Inchcolm is now in the care of Historic Scotland and accessible during the warmer months via boat tours from South Queensferry's Hawes Pier. The 2011 census recorded no usual residents. Wildlife has the run of the place. Seals haul out on the surrounding rocks. Between April and July puffins nest on the northern rockface and can be seen bobbing in the water as they hunt for fish. The island also hosts one of the very few colonies of black rats remaining in Britain - the species that arrived on medieval ships and that the more aggressive brown rat has displaced almost everywhere else. There are no stoats or hedgehogs, so seabirds can lay eggs on the ground without too much risk. The current human population is a Historic Scotland monument manager and a residential steward. The Augustinian canons would recognise the silence. The seventeen centuries of Columban prayer, English bombardment, royal imprisonment, and twentieth-century coastal artillery have all left their traces. Inchcolm holds them all and still feels, somehow, peaceful.
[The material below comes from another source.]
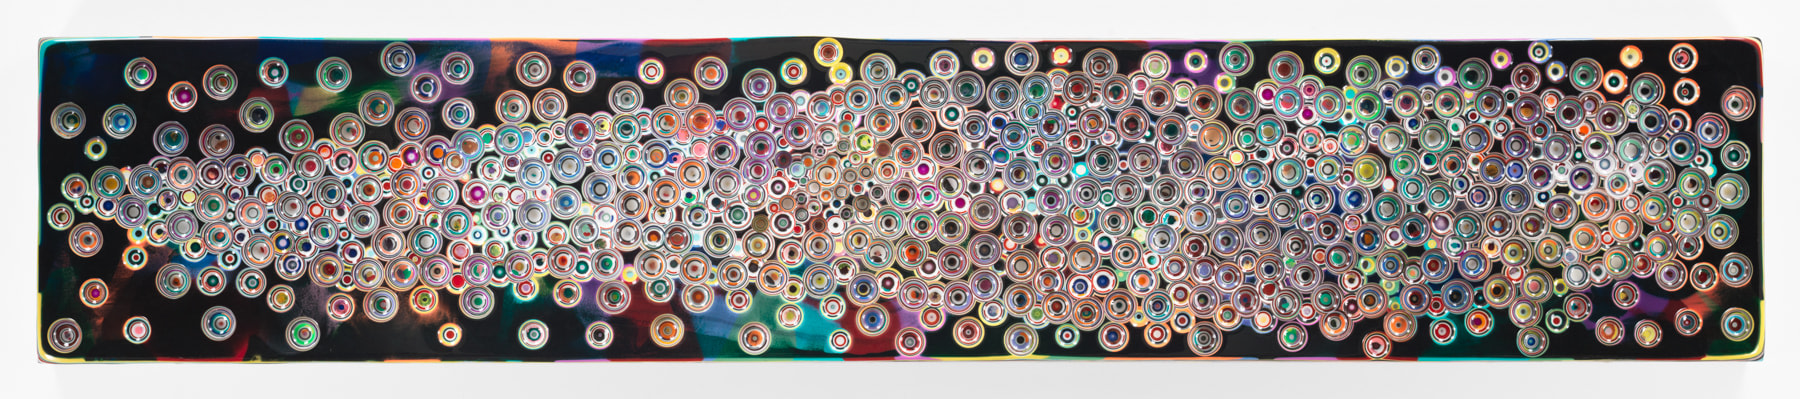 BECAUSENIGHTITISNOWANDSOON, 2016, Epoxy resin and pigments on wood, 18 x 96 inches, 45.7 x 243.8 cm, AMY#28220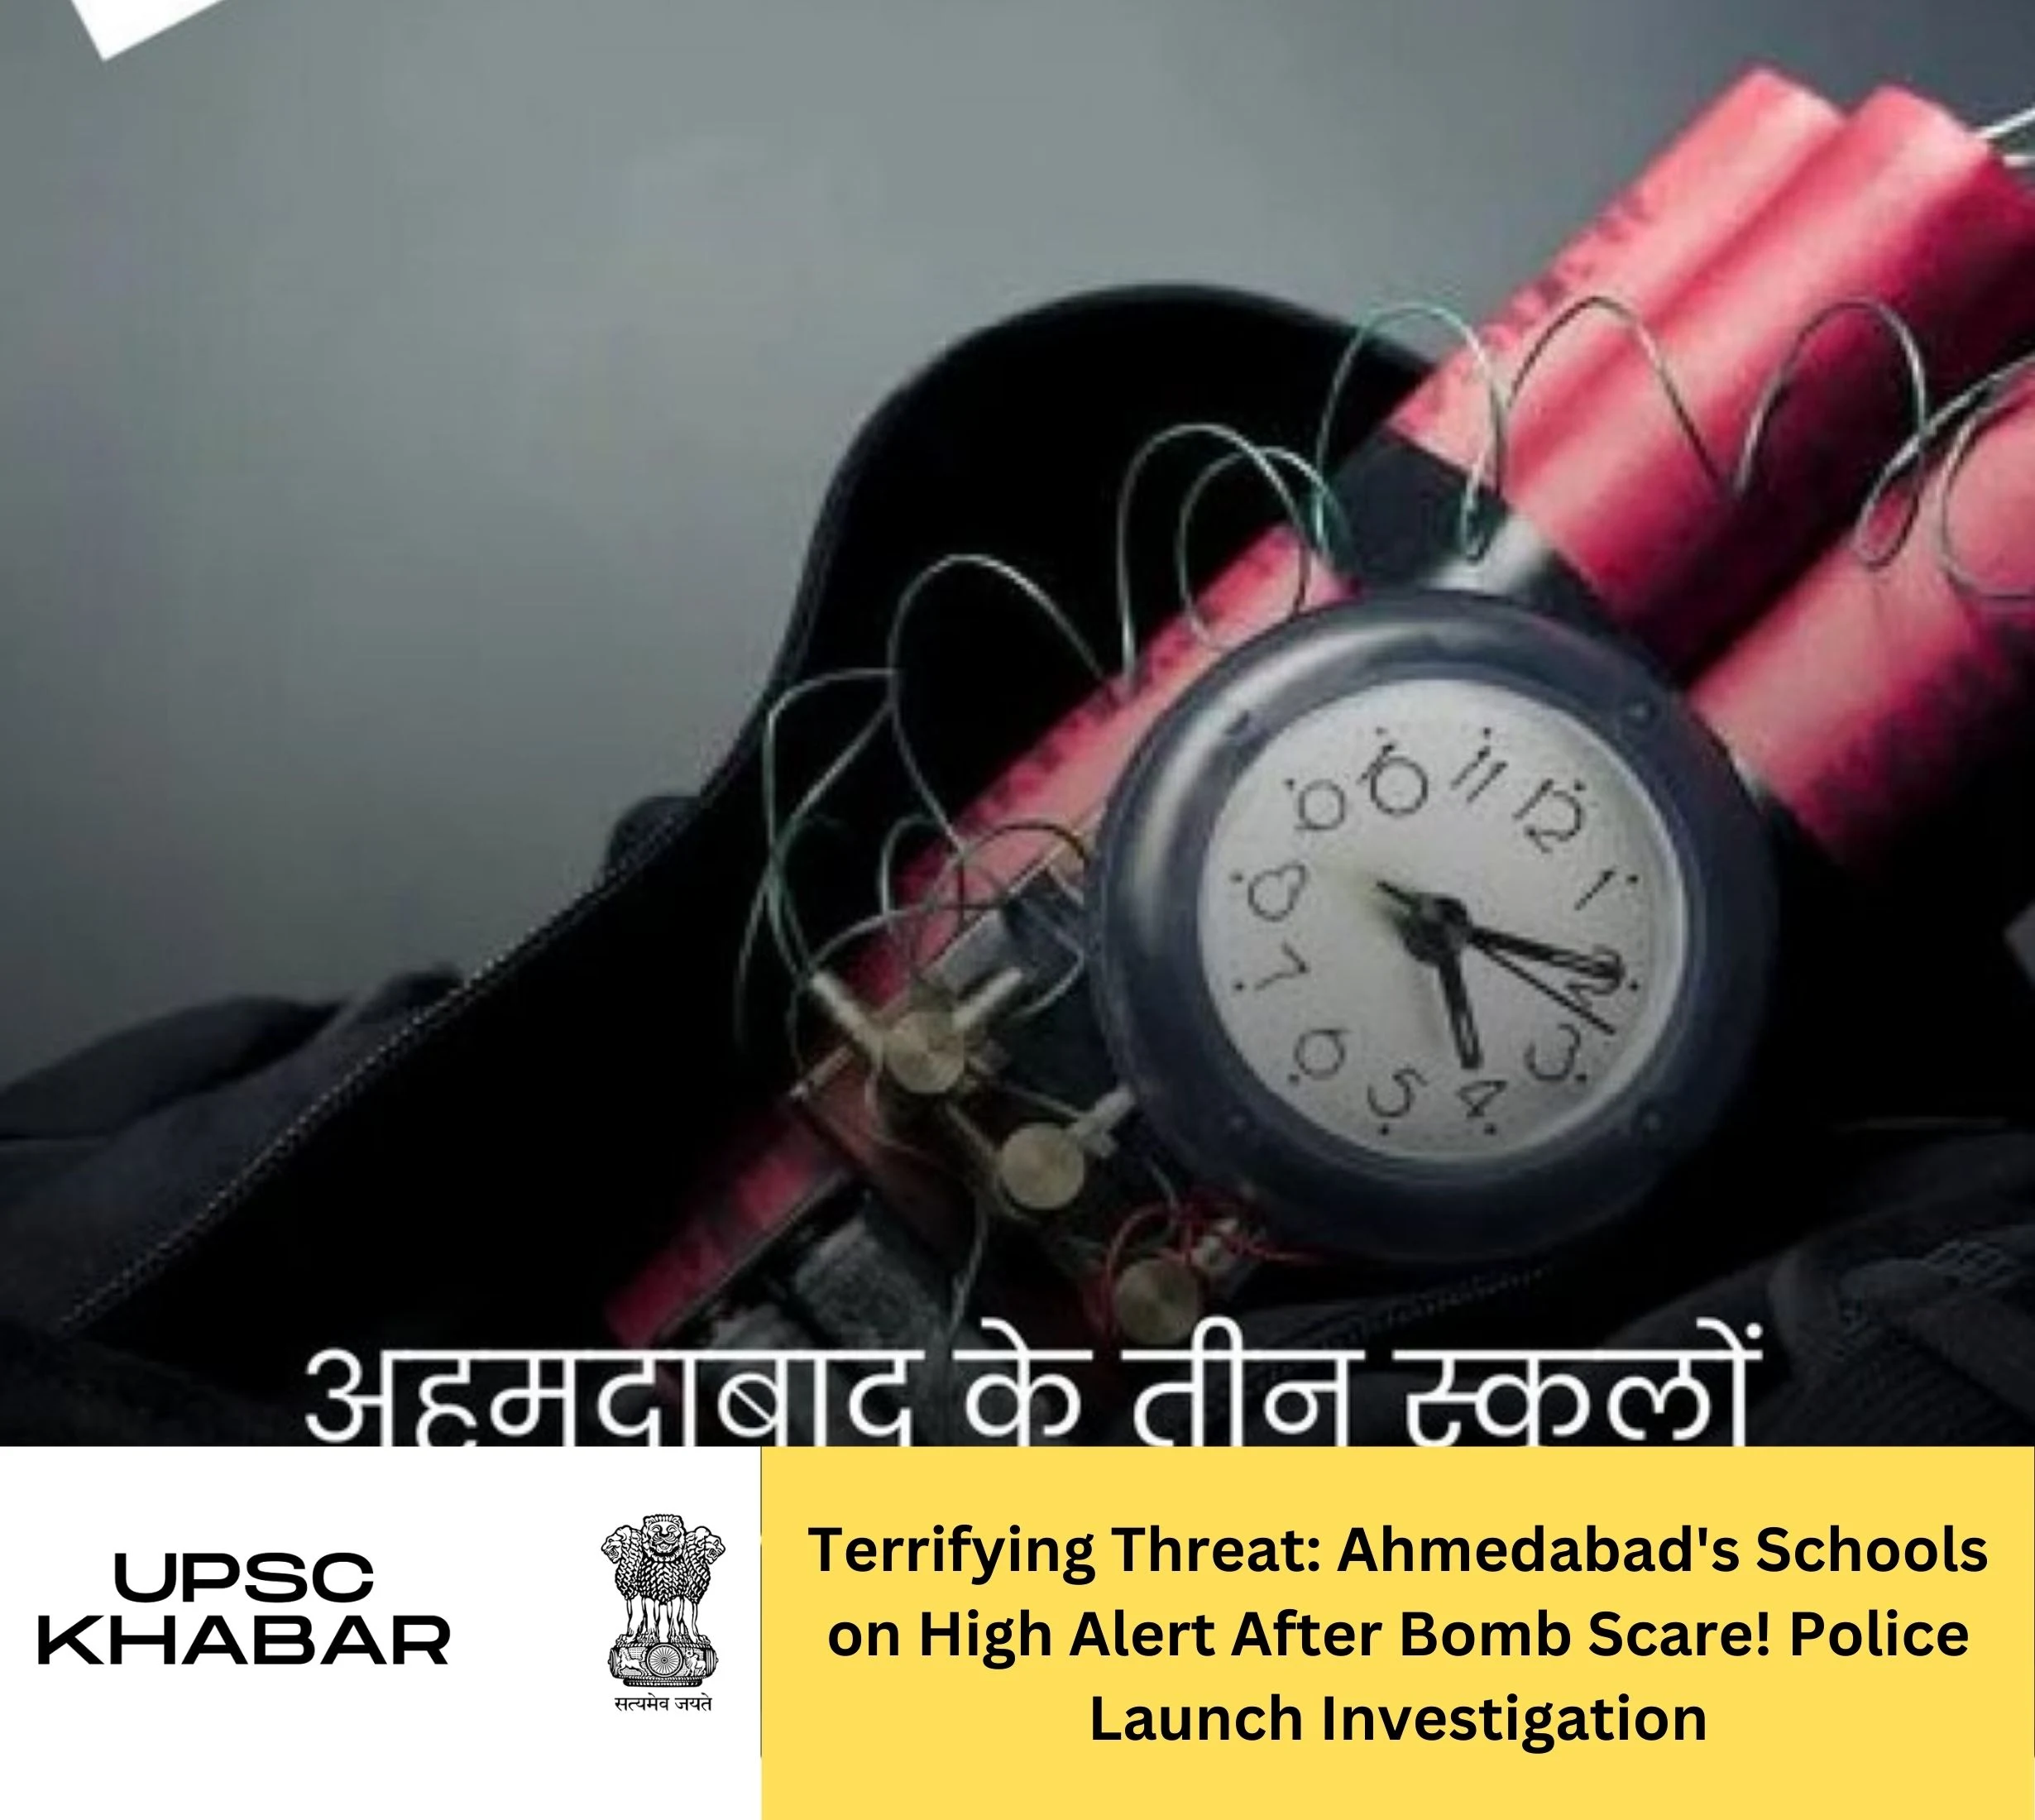 Terrifying Threat: Ahmedabad's Schools on High Alert After Bomb Scare! Police Launch Investigation

Inchcolm sits at 56.029N, 3.30W in the Firth of Forth, between the Fife shore and the City of Edinburgh - about 1 nm offshore from Aberdour and 2.5 nm east of the Forth bridges. From the air the island is small but distinct, roughly 1 km long and oriented east-west, with the abbey's tall central tower easily visible on the western half. Easy landmarks: the Forth Rail Bridge (the iconic red cantilever) is 2.5 nm west, the Forth Road Bridge and Queensferry Crossing immediately beside it, Aberdour Castle 2 nm north on the Fife shore, Edinburgh city centre 5 nm south. Edinburgh Airport (EGPH) is 8 nm south-southwest. Best viewing altitude 1,500-2,500 ft, ideally with the Forth bridges in the same frame for scale. Seals and puffins are visible on the surrounding water in season. Cold sea haar can blanket the island even when Edinburgh is clear.